So I suspect Jasmine was just a PIG.  Got to love dogs and their personalities. 

I am so sorry about Tandy, because I felt exactly the same way for the last 24 hours.  Thinking that I was not ready to let Jasmine go, but at the same time, wanting to make the right decision at the right time.  Today was not the right time, but I know it is coming.  One of the reason we did get a second dog, was primarily company for the first one, and secondly so the house would not be lonely when one of them passes.

My heart goes out to you.....

a former torontoian (etobicoke)


----------



## Eli Mairs (Jun 10, 2011)

So sorry for your loss, Brian.  
I've been crying throughout this entire thread. 
I went through this with my three elderly cats a few years ago.They gave me so many years of joy and companionship. It was devastating to lose them.


----------



## Sandy VDH (Jun 11, 2011)

I guess I knew it and so did she.  Jasmine waited until someone was home.

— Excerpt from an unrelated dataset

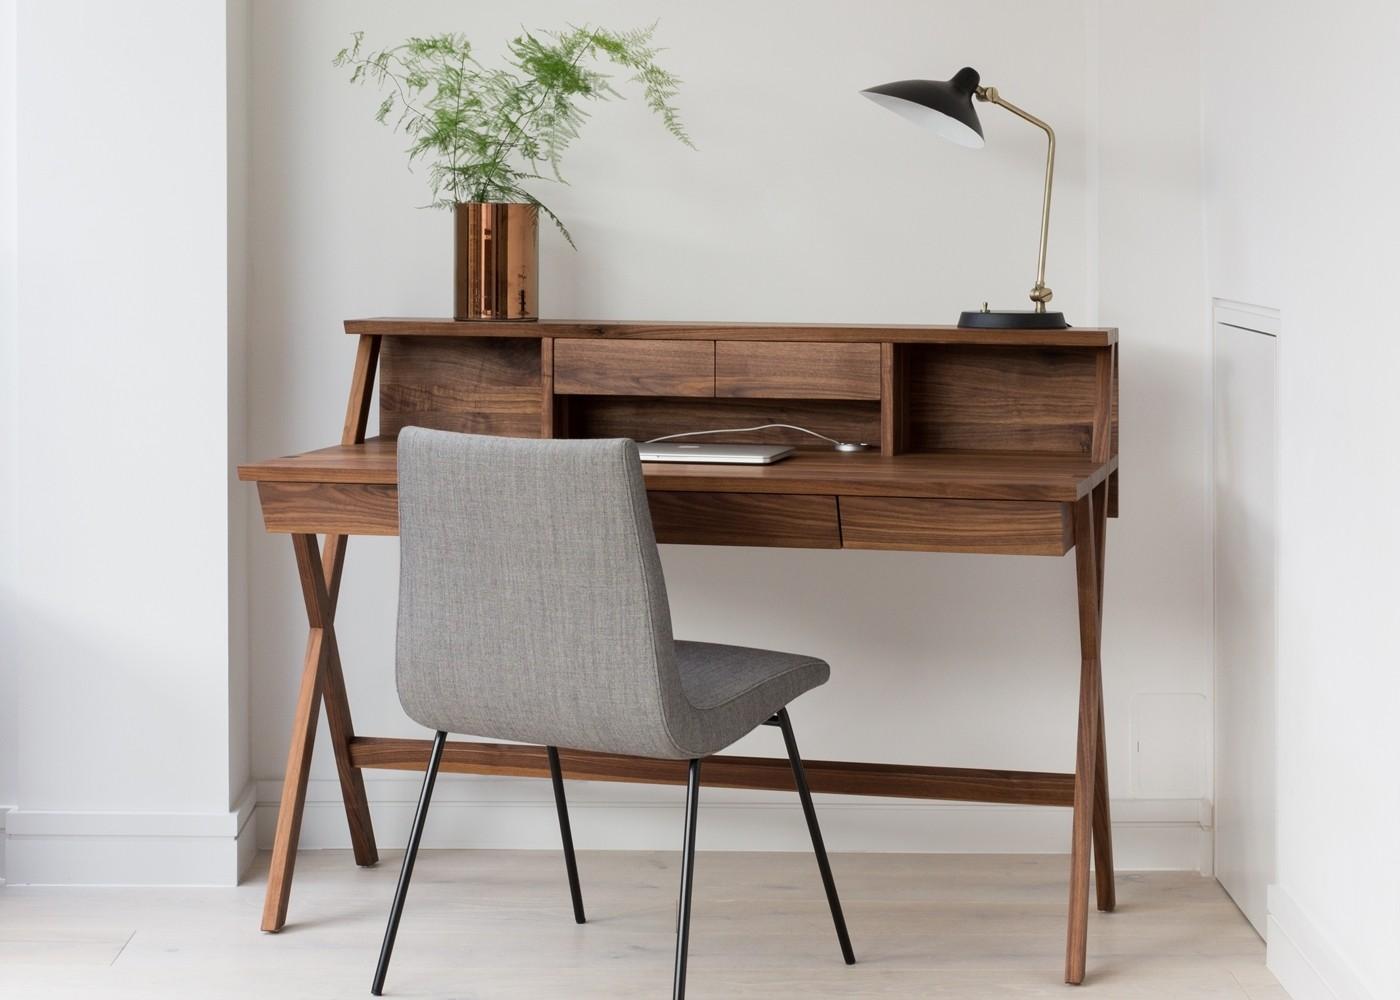 Inspirasi dekorasi area atau ruang kerja dengan meja multifungsi - source: heals.com

She passed away just over an hour ago.  She died in my arms on the way to the emergency vet clinic.

I will miss her so much.  My heart is broken.


----------



## slip (Jun 11, 2011)

So sorry to hear about Jasmine.
I know exactly what your going through.


----------



## Timeshare Von (Jun 11, 2011)

Sandy Lovell said:


> I guess I knew it and so did she.  Jasmine waited until someone was home.
> 
> She passed away just over an hour ago.  She died in my arms on the way to the emergency vet clinic.
> 
> I will miss her so much.  My heart is broken.



I keep coming back to more sad news in this thread.  Sandy when I read your first post, it really touched me and I was wondering how Jasmine was doing.

I remember the last night my RustyMeister was here, I slept on the floor with him in his bed.  A little toy poodle who was 13 and mostly blind from cateracts, I knew I had to do the right thing for him because he too was dying before my eyes.

I have cuddled and loved all over our Miss Heidi this week, appreciating every day she has with us.


----------



## Sandy VDH (Jun 11, 2011)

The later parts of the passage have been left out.